▸ **The task**
Repeat the listing below exactly. Pictures do not belong in the copy.

▸ **Dataset section**
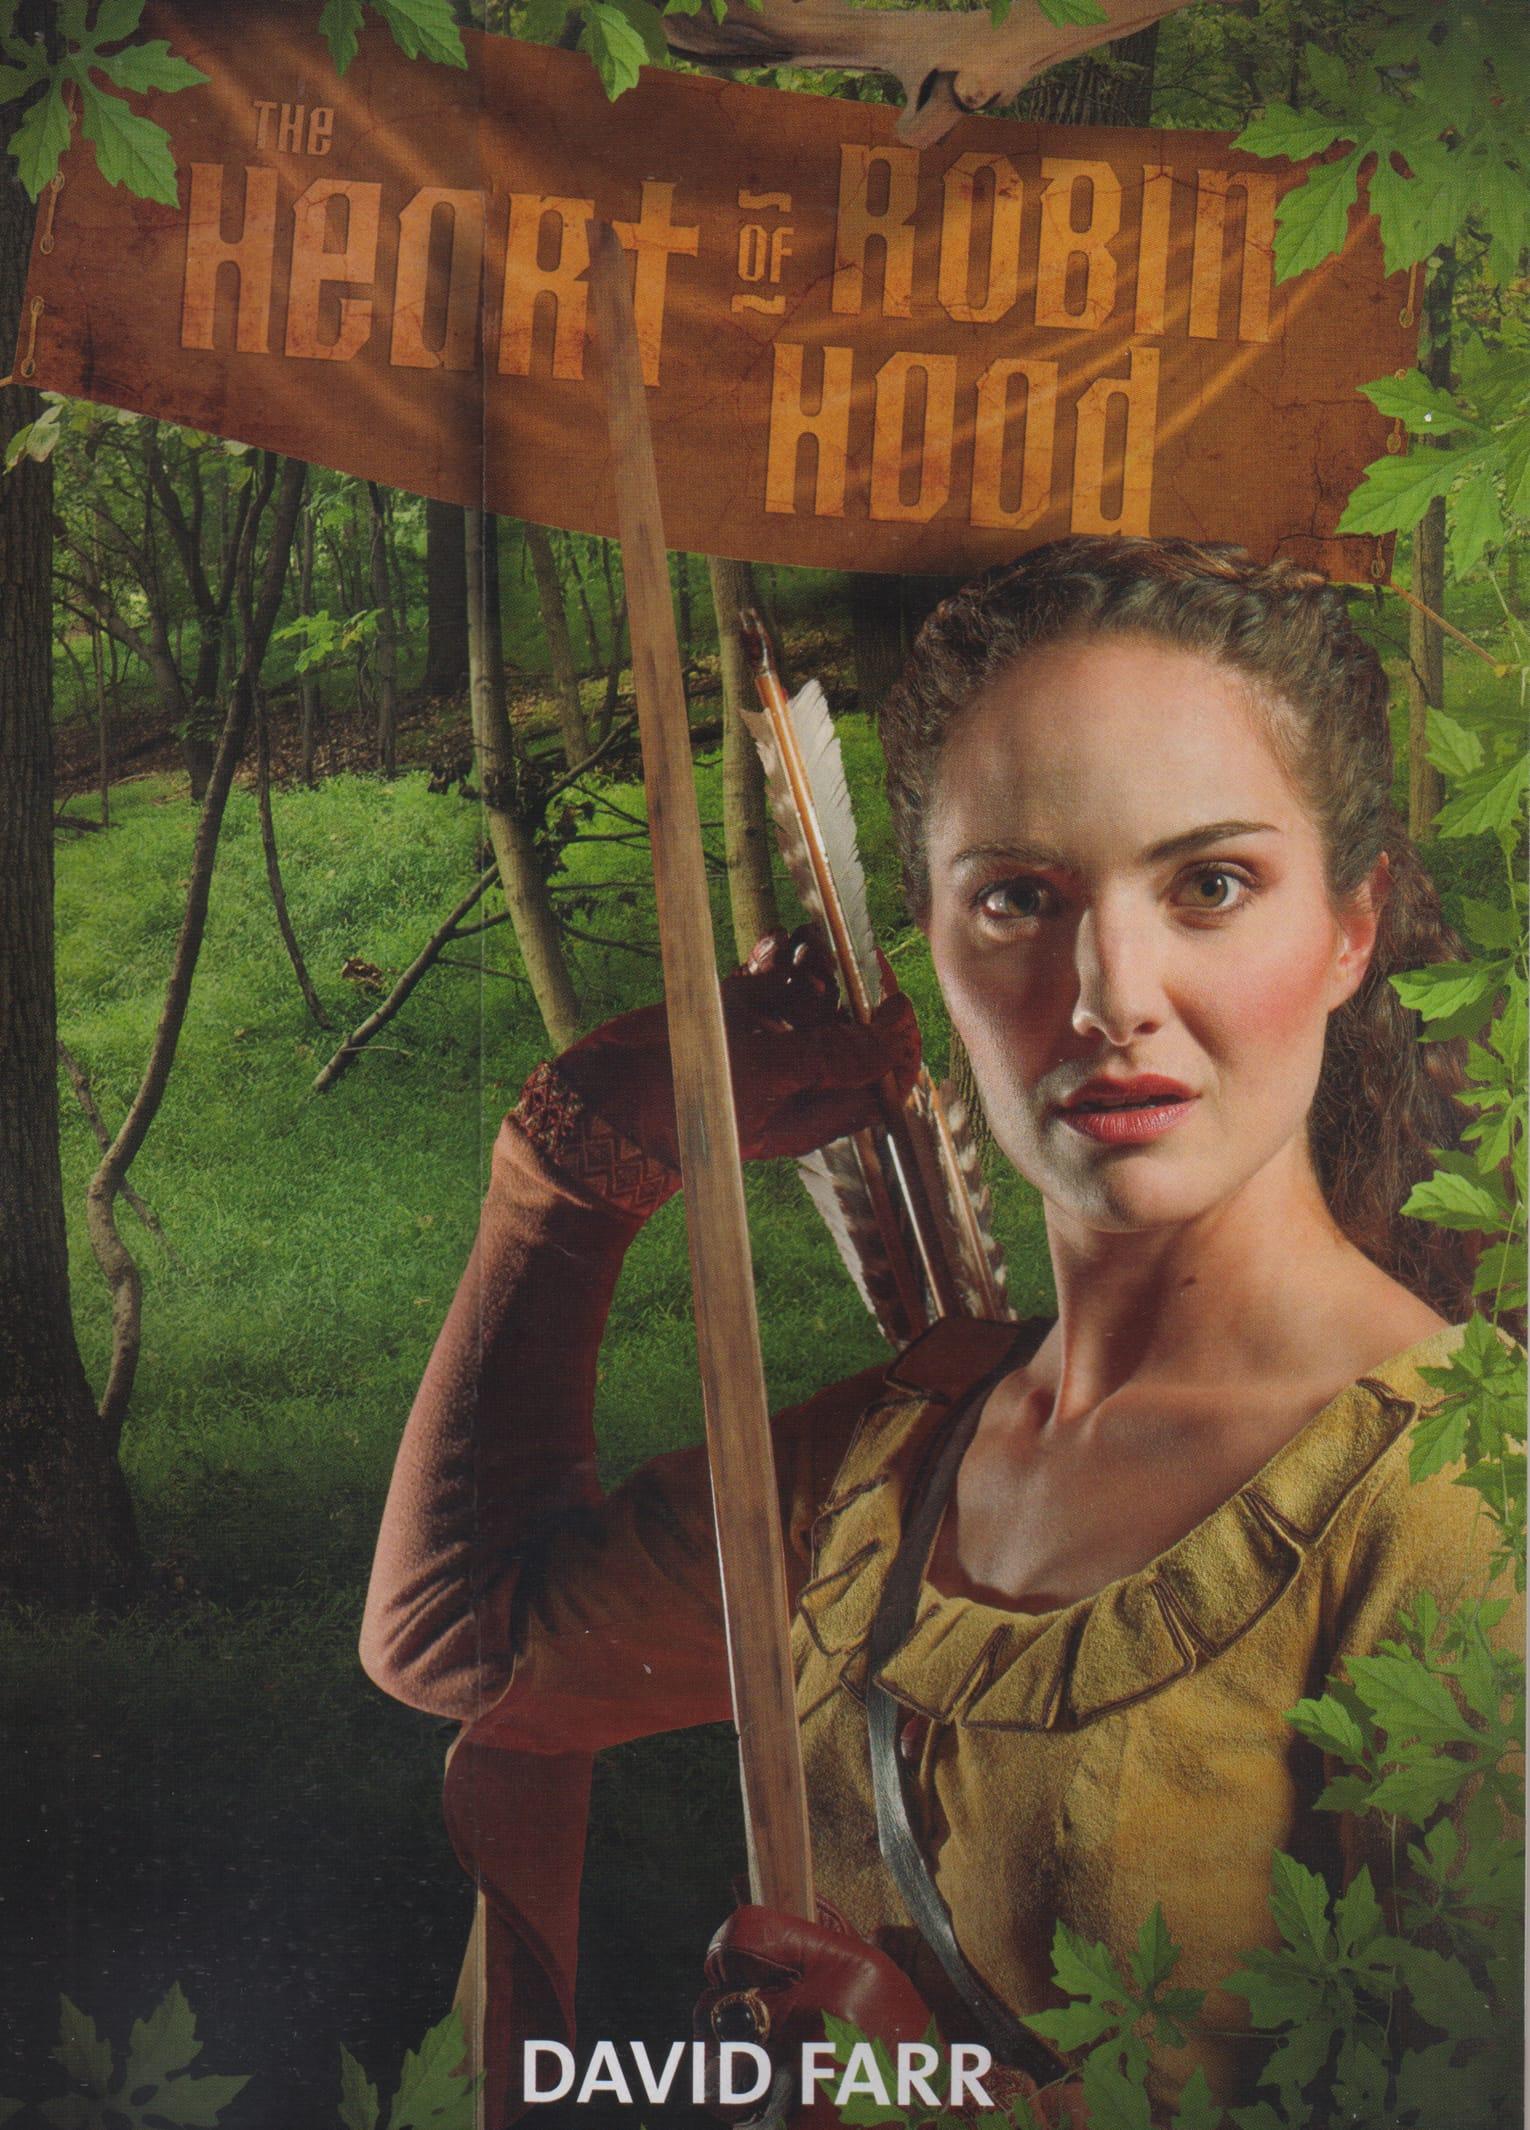 OSF 2013 The Heart of Robin Hood
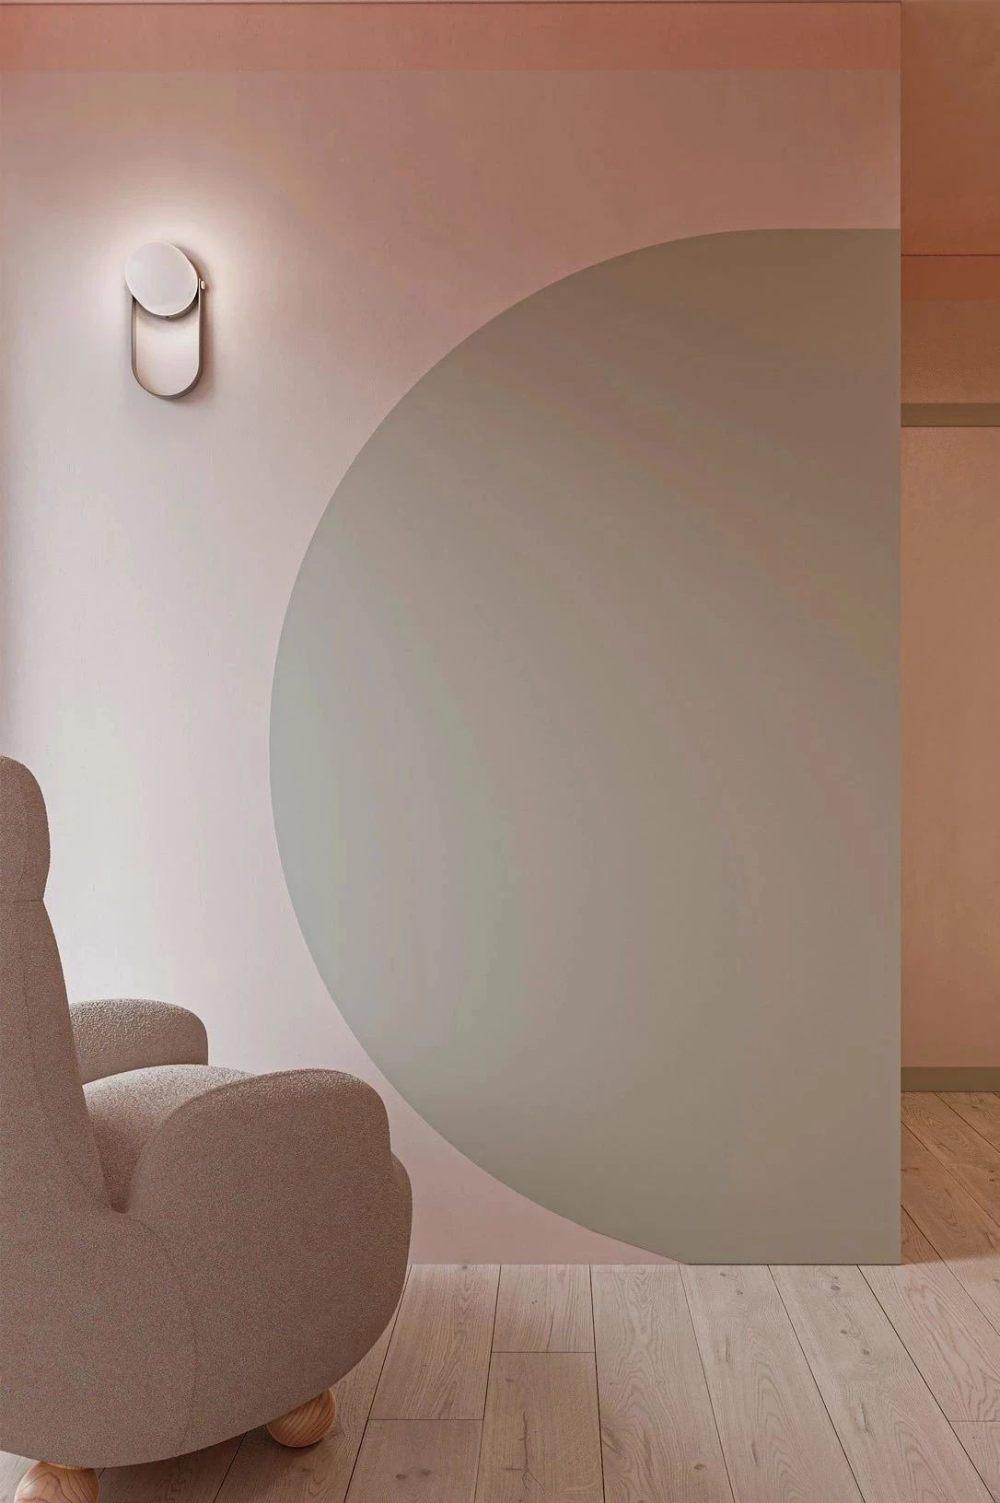 【ZROBYM architects】白俄罗斯明斯克州 高颜值、高质感住宅  _白俄罗斯明斯克州高颜值、高质感住宅25.jpg
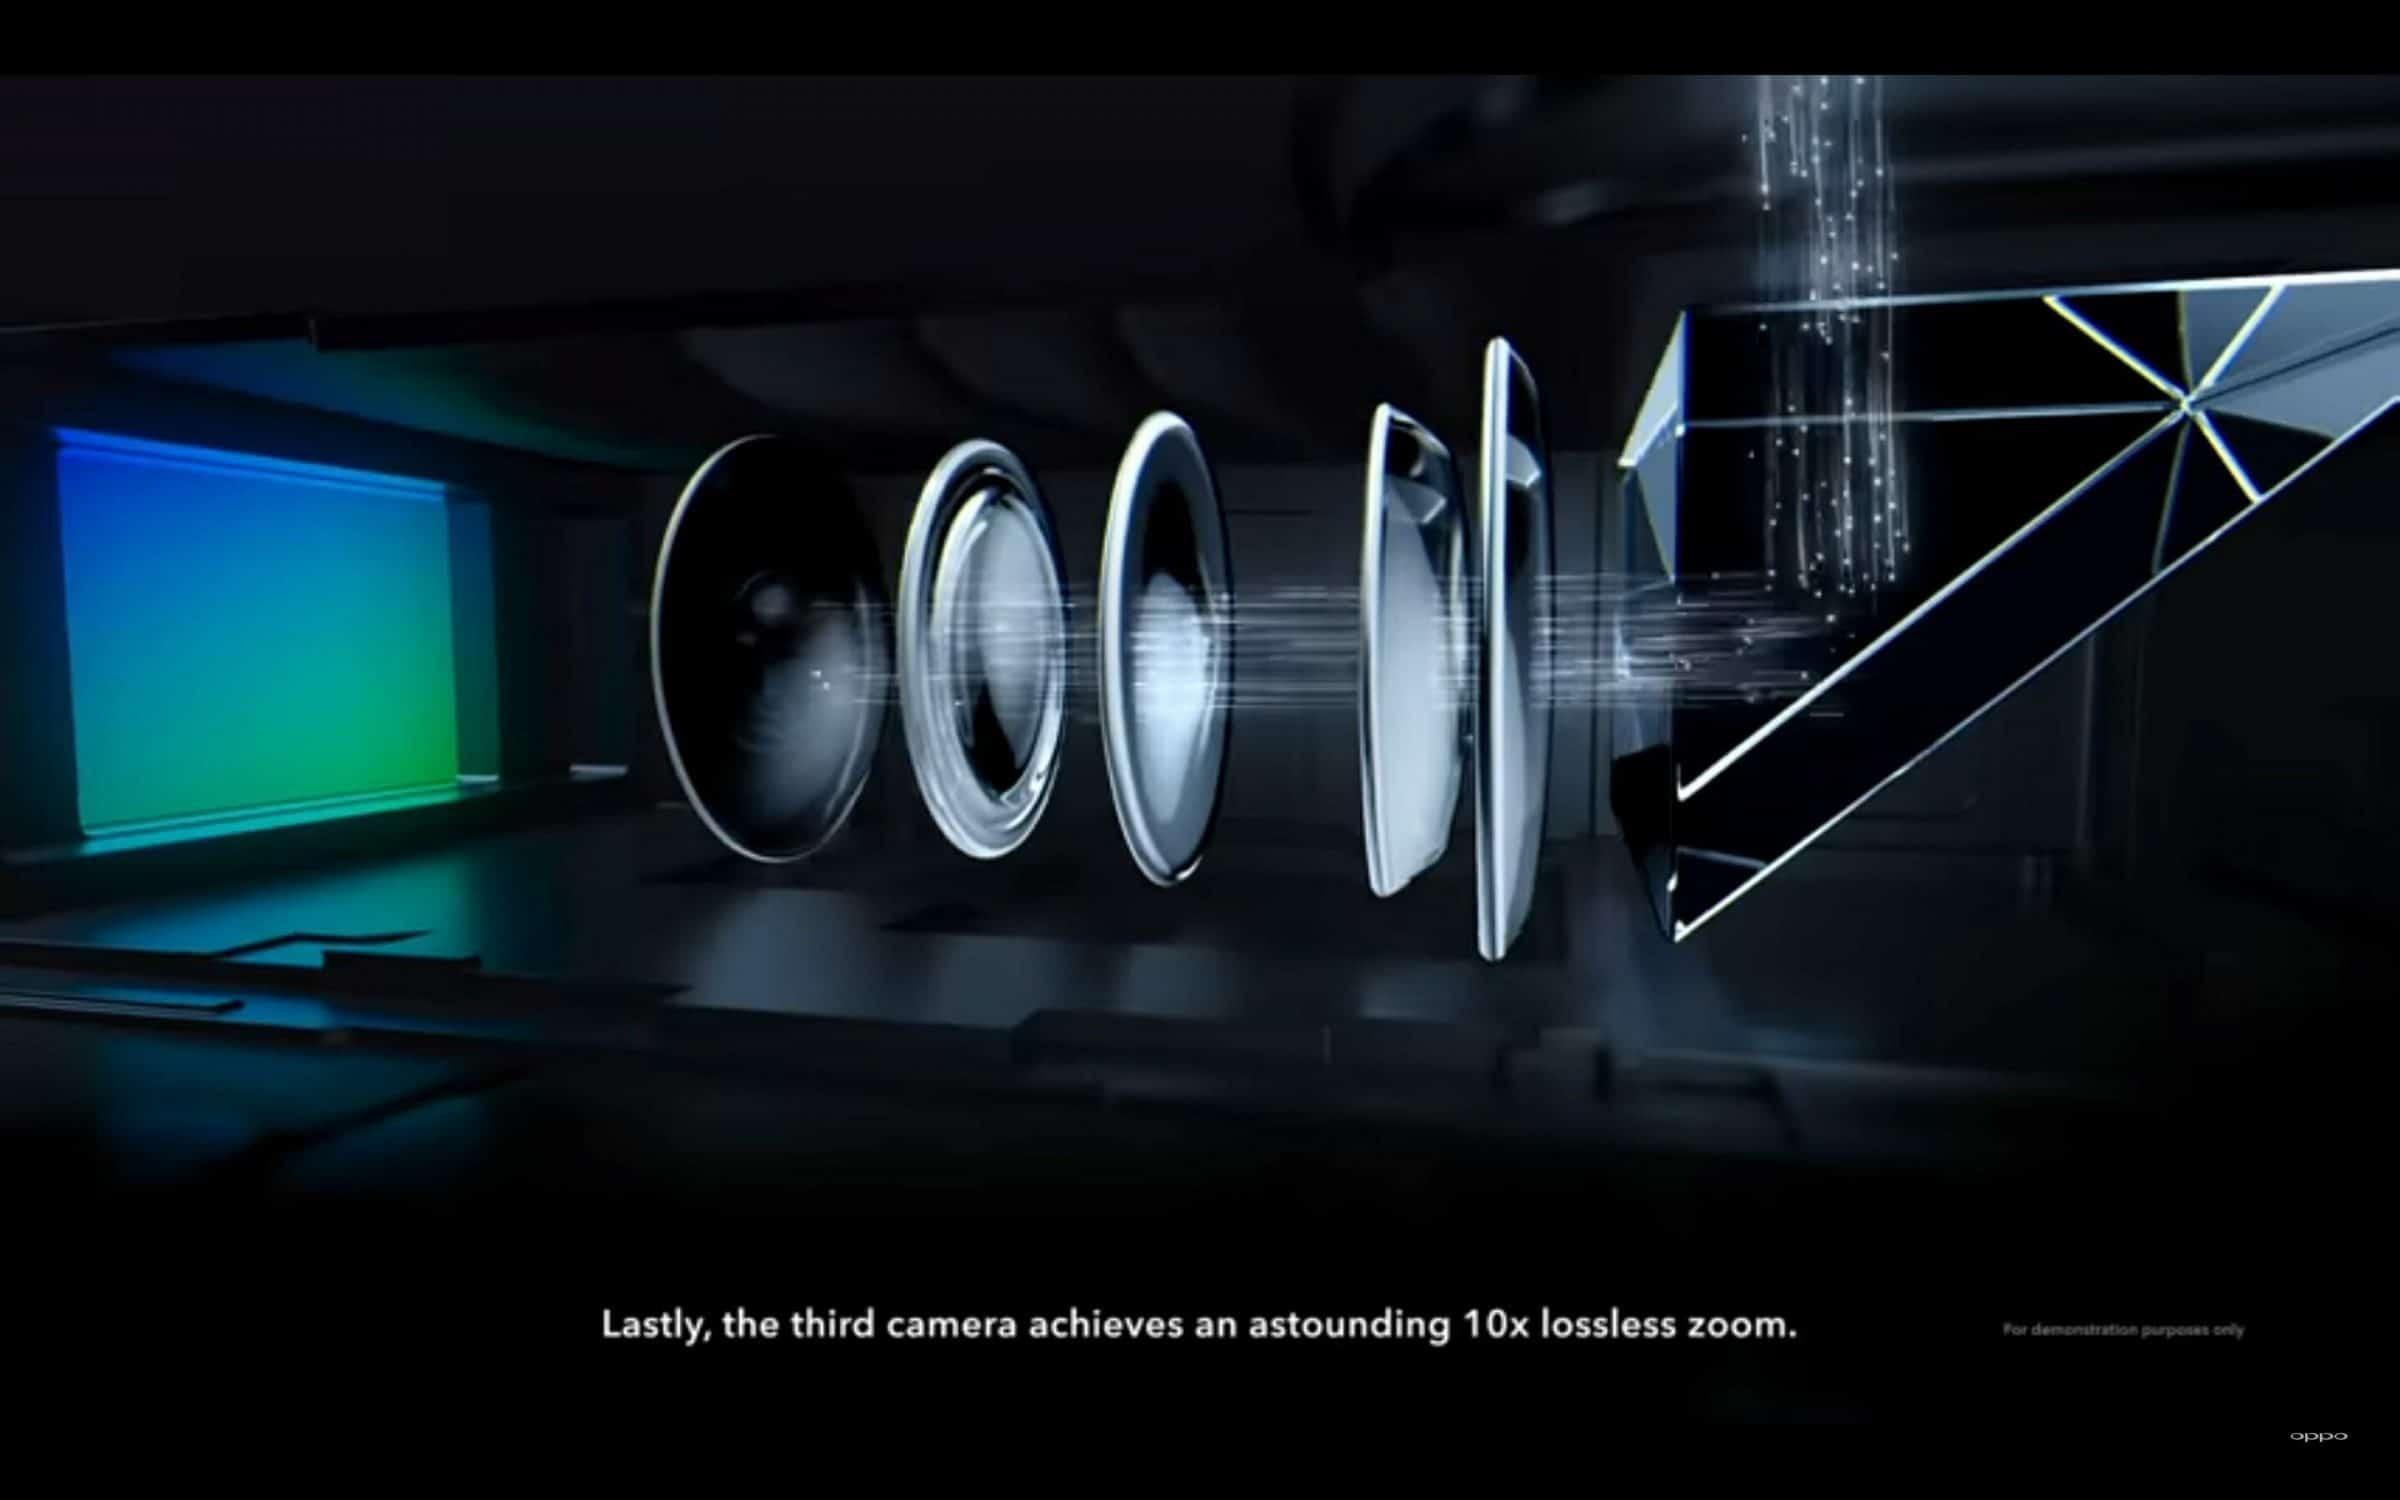 Oppo Lossless 10x Zoom Camera

▸ **The answer**
 OSF 2013 The Heart of Robin Hood
 【ZROBYM architects】白俄罗斯明斯克州 高颜值、高质感住宅  _白俄罗斯明斯克州高颜值、高质感住宅25.jpg
 Oppo Lossless 10x Zoom Camera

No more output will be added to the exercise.